• [Problem details]:
The listing below contains a span that opens with the line containing "Reichlich verziert vom Hals bis zum Boden" and closes with the line containing "Unmarkierter". Return that span exactly.

• [Record excerpts]:

[Start of Attachment]

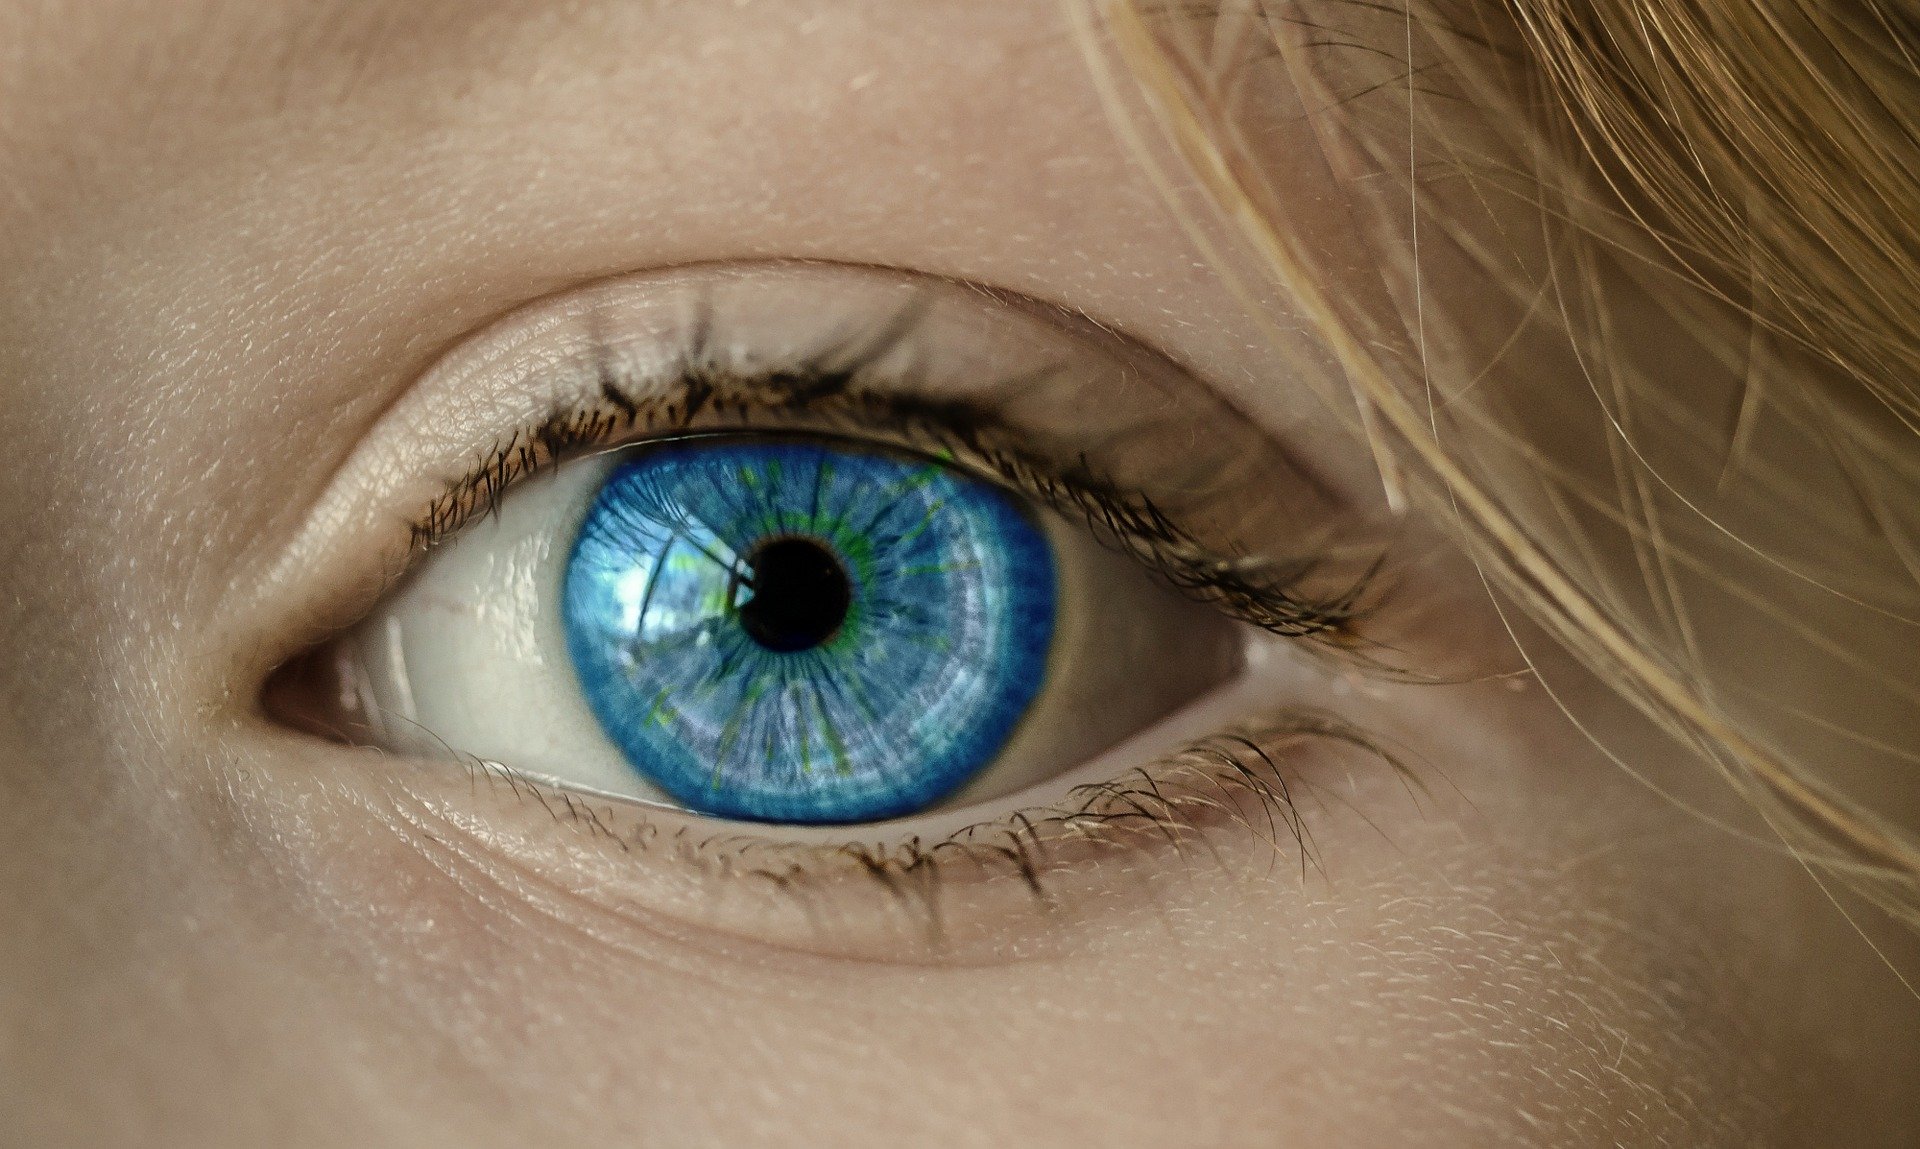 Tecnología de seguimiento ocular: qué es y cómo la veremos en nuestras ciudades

[End of Attachment]
[Start of Attachment]

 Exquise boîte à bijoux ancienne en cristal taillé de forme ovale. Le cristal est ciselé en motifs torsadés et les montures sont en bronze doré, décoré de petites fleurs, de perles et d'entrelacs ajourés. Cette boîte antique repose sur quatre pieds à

[End of Attachment]
[Start of Attachment]

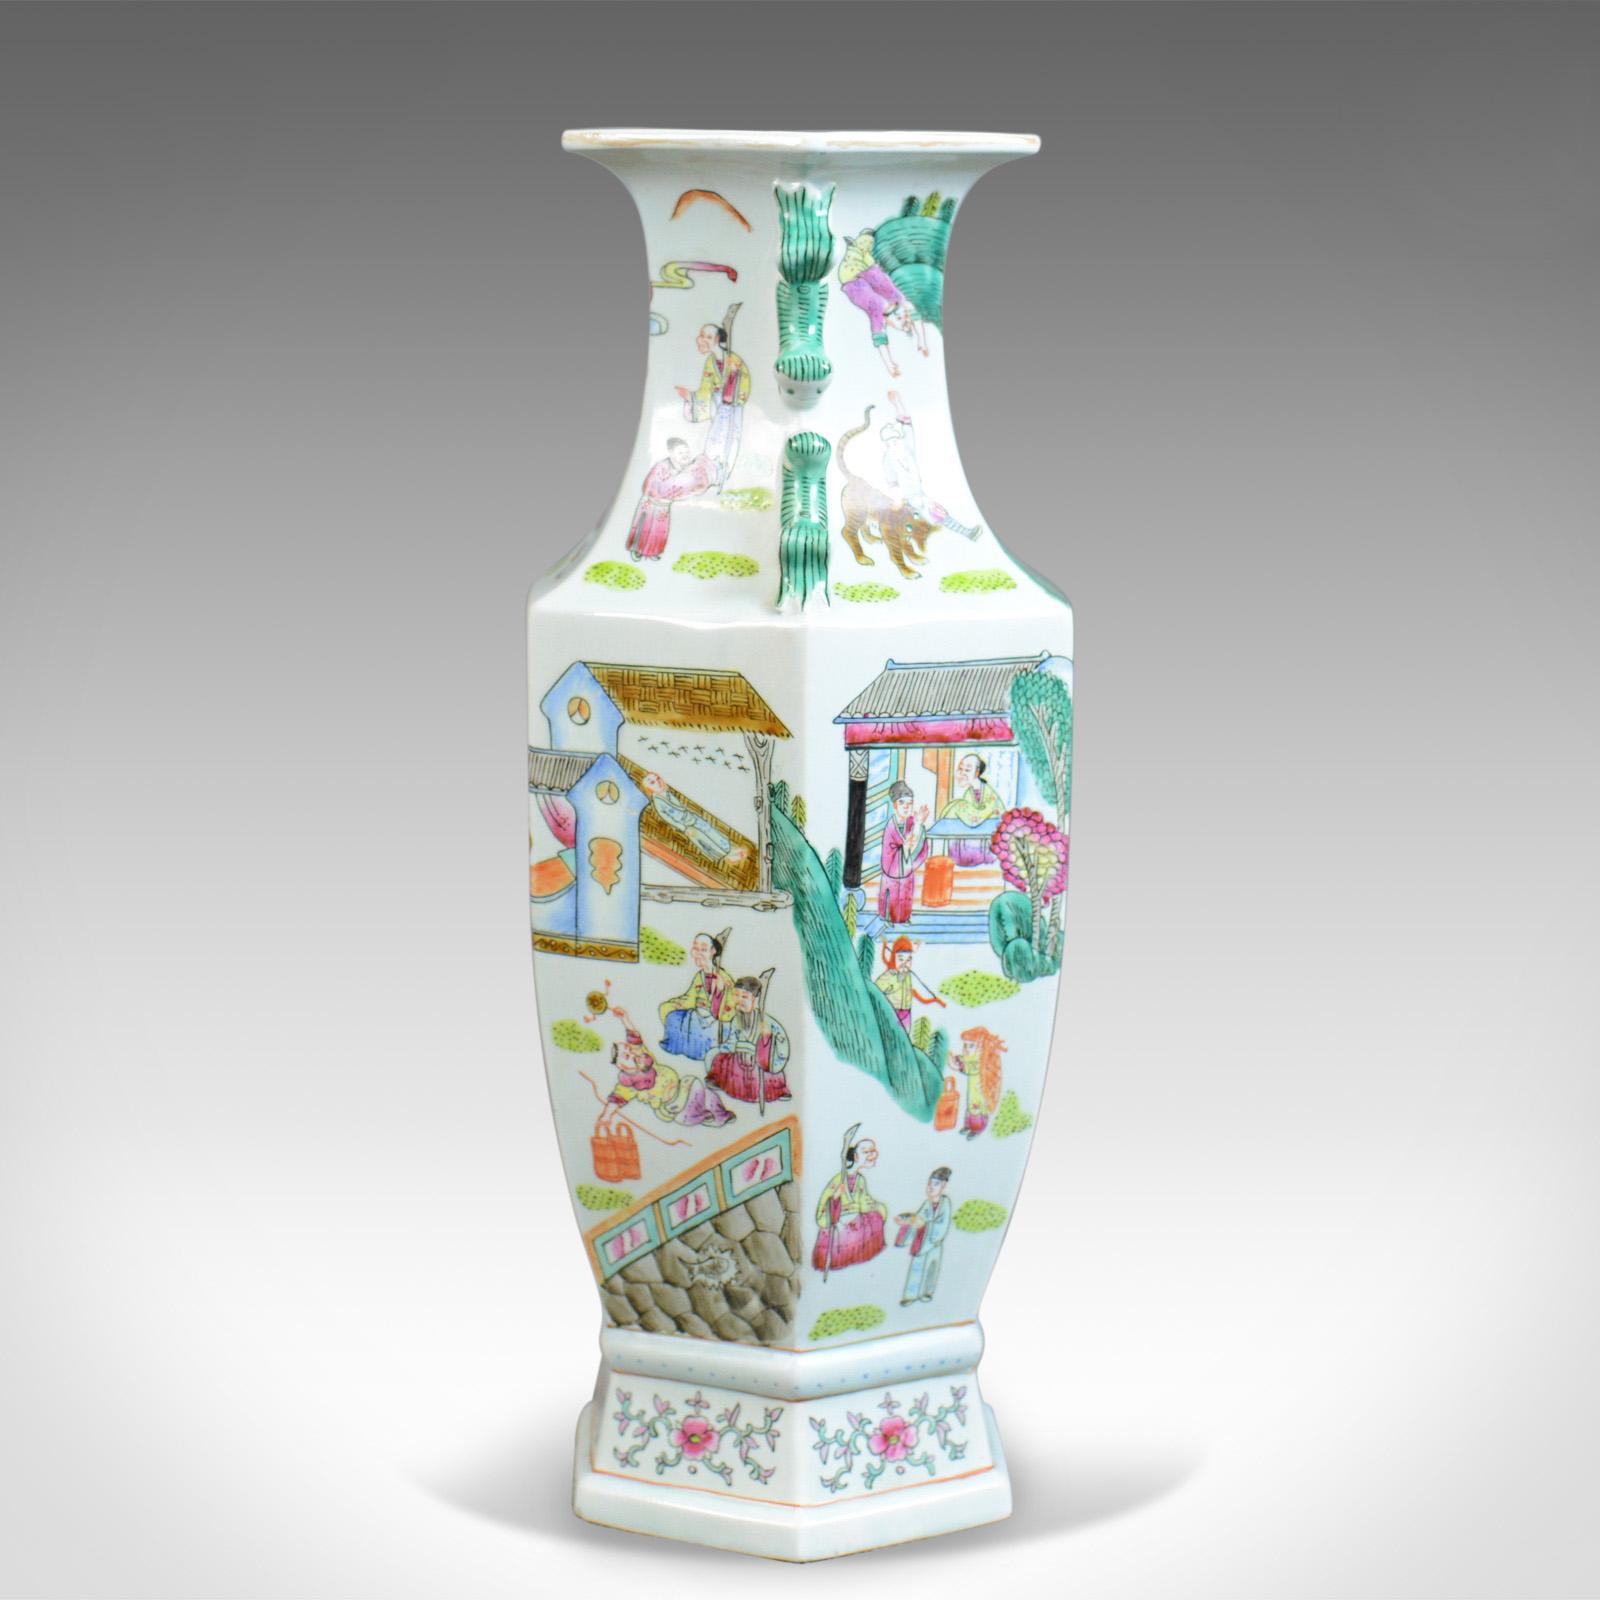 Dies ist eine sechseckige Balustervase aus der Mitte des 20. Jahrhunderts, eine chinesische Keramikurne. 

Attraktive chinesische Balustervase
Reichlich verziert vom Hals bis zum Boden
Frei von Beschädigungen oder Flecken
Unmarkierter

[End of Attachment]

• [Solution for this exercise]:
Reichlich verziert vom Hals bis zum Boden
Frei von Beschädigungen oder Flecken
Unmarkierter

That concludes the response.